My dog has a little bit of separation anxiety so when we leave him alone, he barks some times.

We are training him to be home-alone and we want to know if he barks or not when we are not home.

Let's implement a bark detector!

Basics

Time representation

What is audio and how is its digital representation? It’s basically an array of float values containing a value from -1 to 1.

Temporal representation of an audio signal

This representation shows the temporal evolution of the audio signal over time.
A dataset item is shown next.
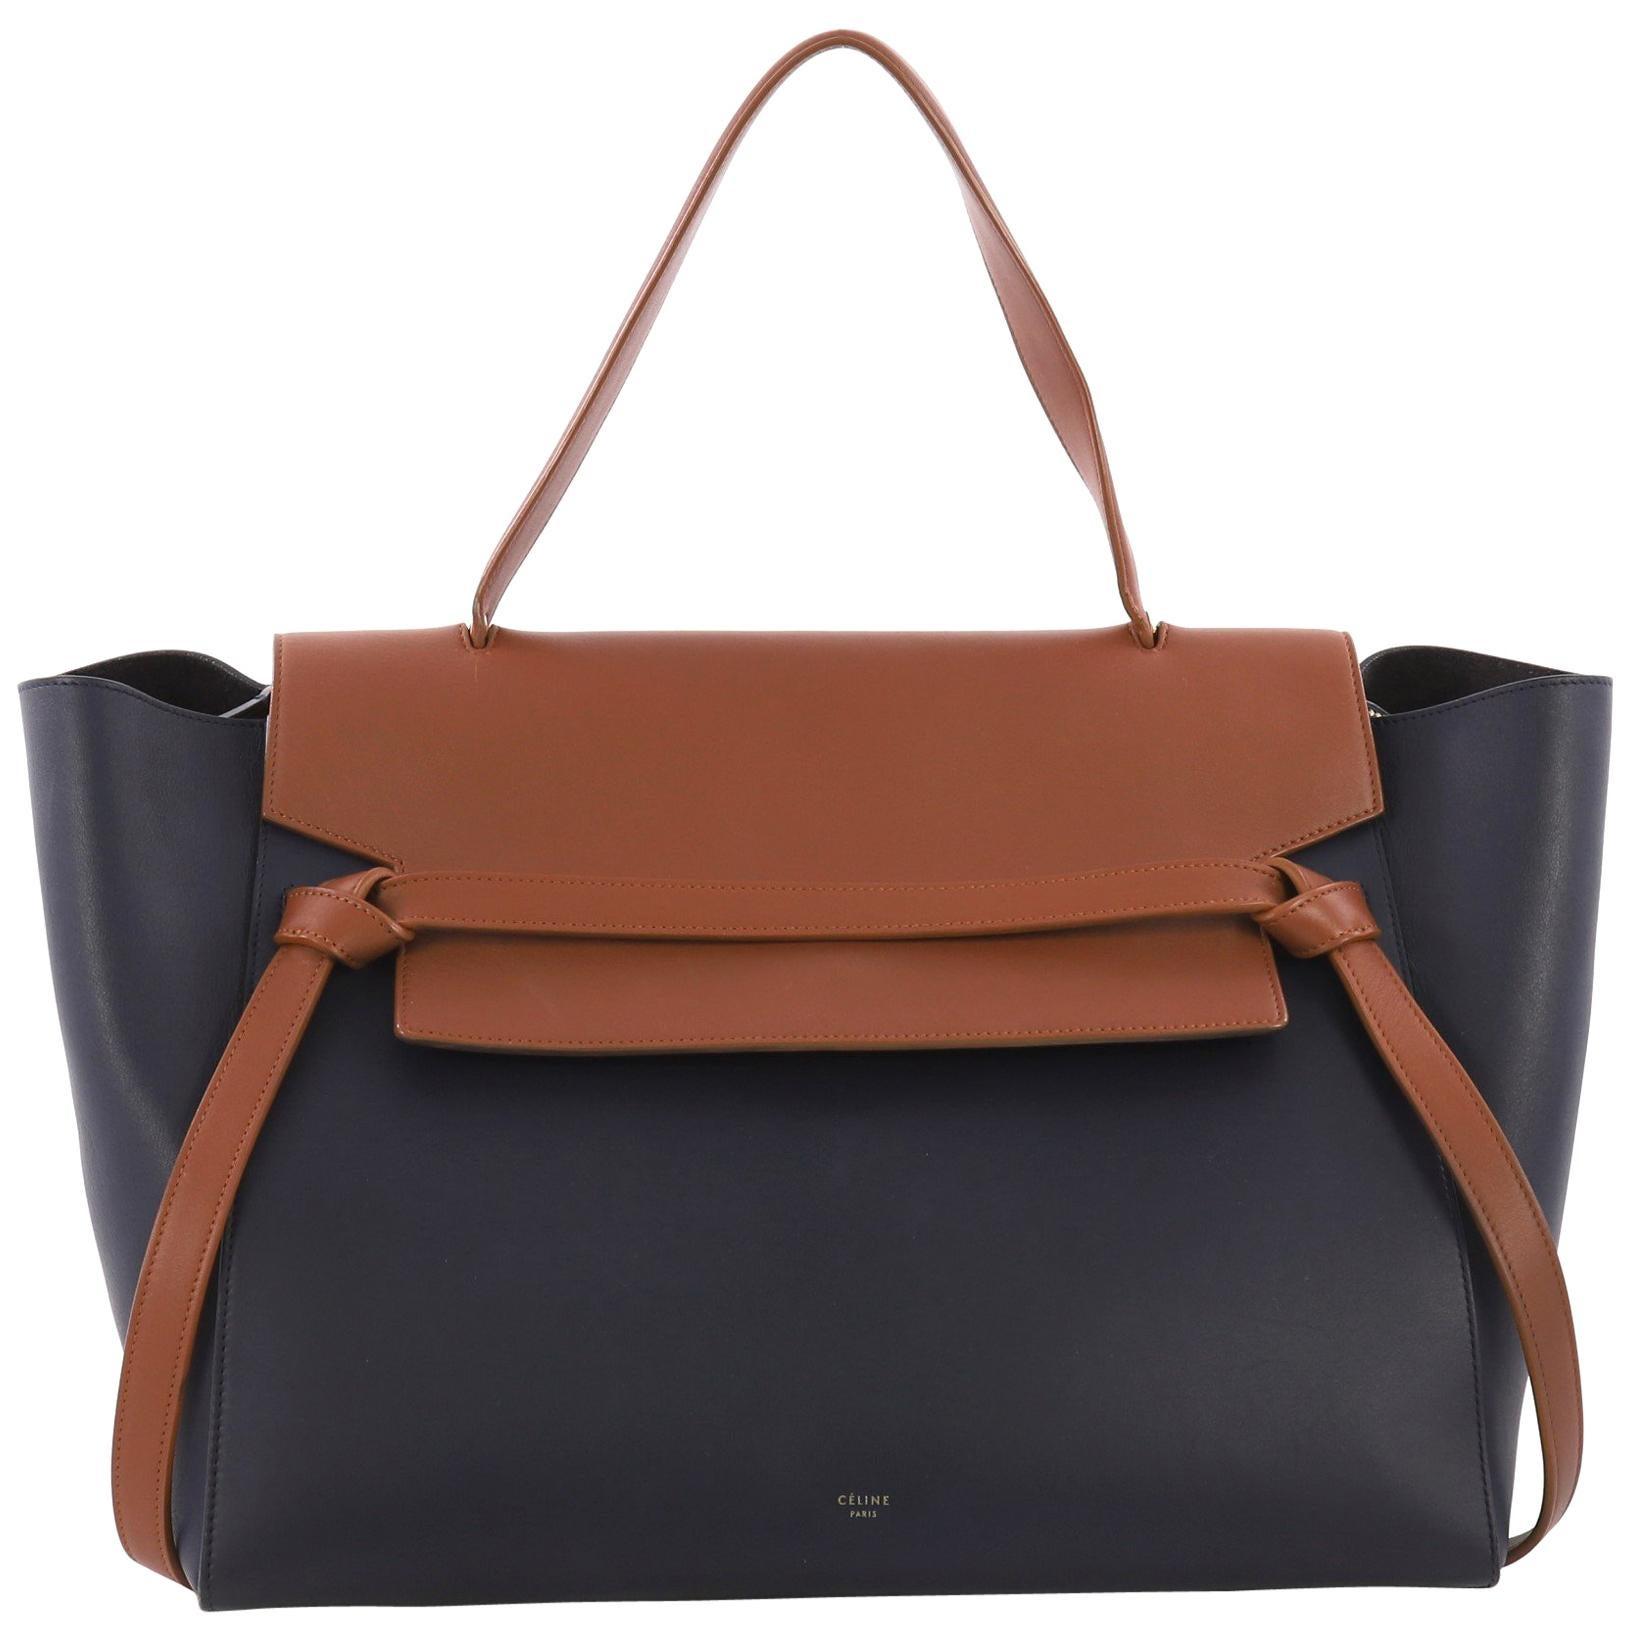 35c32b5822dd Celine Leather Handbags - 113 For Sale on 1stdibs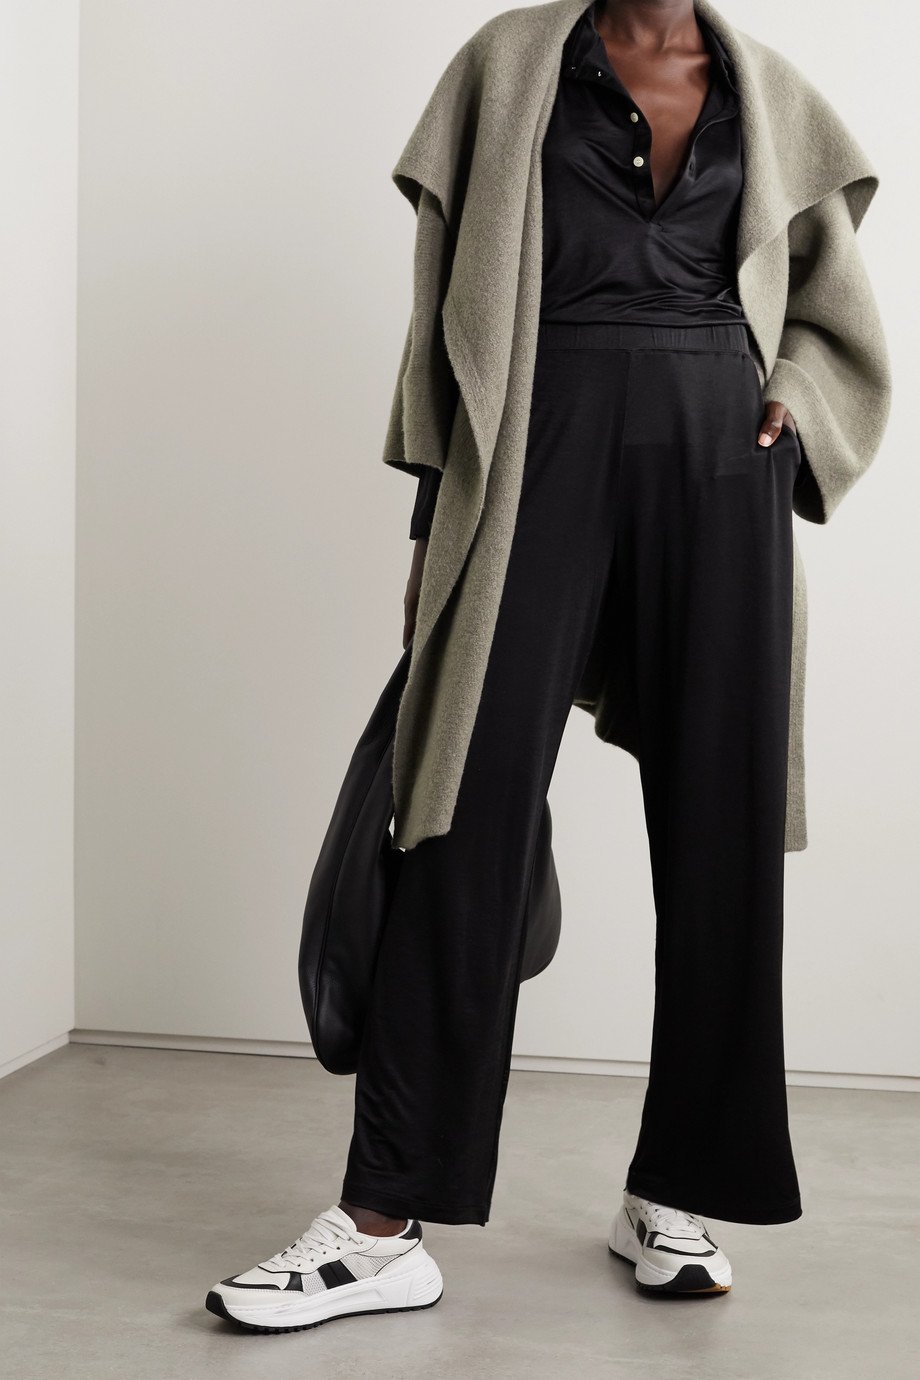 Lauren Manoogian Mantel aus einer Kaschmirmischung

This is very variable and it’s really difficult to extract any relevant feature from this representation.

Frequency representation

So, instead of using the temporal representation, let’s observe the frequency representation:

Frequency representation of an audio signal

The x axis is the time of the audio signal and the y axis is the values of the frequencies. Each color in the vertical axis correspond to a different value of the power on that certain frequency.

Note that the time of the plot is doubled respect with the time representation, this is because the signal is combined with itself to generate the frequency representation.

This representation shows the evolution of the different frequency amplitudes over time.

Without even listening the sound, we can try to analise it checking the time/frequency characteristic. We see some peaks in the time representation that match with high energy in the low frequencies.

The good thing about frequency representation is that it cancel noise because usually its energy is spread over all frequencies. Besides that, each sound has a characteristic frequency footprint. So, it’s very convinient to extract the features of the sound in the frequency domain.

Mel Frequency Cepstral Co-efficients (MFCC)

Quoting from https://iq.opengenus.org/mfcc-audio/:

MFC is a representation of the short-term power spectrum of a sound, based on a linear cosine transform of a log power spectrum on a nonlinear mel scale of frequency.

Ok, what does it mean? It’s an improved frequency representation but applying optimizations based on the characteristics of human hearing. Usually MFCC are obtained like this:

  1. Take the Fourier transform of the audio signal to get the frequency representation.
  2. Map the powers of the spectrum to the mel scale. This scale approximates the spectrum to be more like what humans hear.
  3. Take the logs of the powers at each of the mel frequencies.
  4. Take the discrete cosine transform (DCT) of the list of mel log powers. This will remove redudant information as in non-changing information.
  5. The MFCCs are the amplitudes of the resulting spectrum.
MFCC representation of an audio signal

We can use librosa library to load the audio and extract the MFCC features.

The x axis is time, the y axis is the different MFCC coefficients computed (20 in this example). The color shows the value MFCC coefficient for certain time and coefficient.

It’s not obvious to see anything in this plot, but it represents the frequency information in a format the computer can use to understand the characteristics of this sound.

Getting the dataset

In this article I describe the little device I made to feed my dog while I’m away. So I’ll re-use the same device and plug it an old unused webcam that has a microphone.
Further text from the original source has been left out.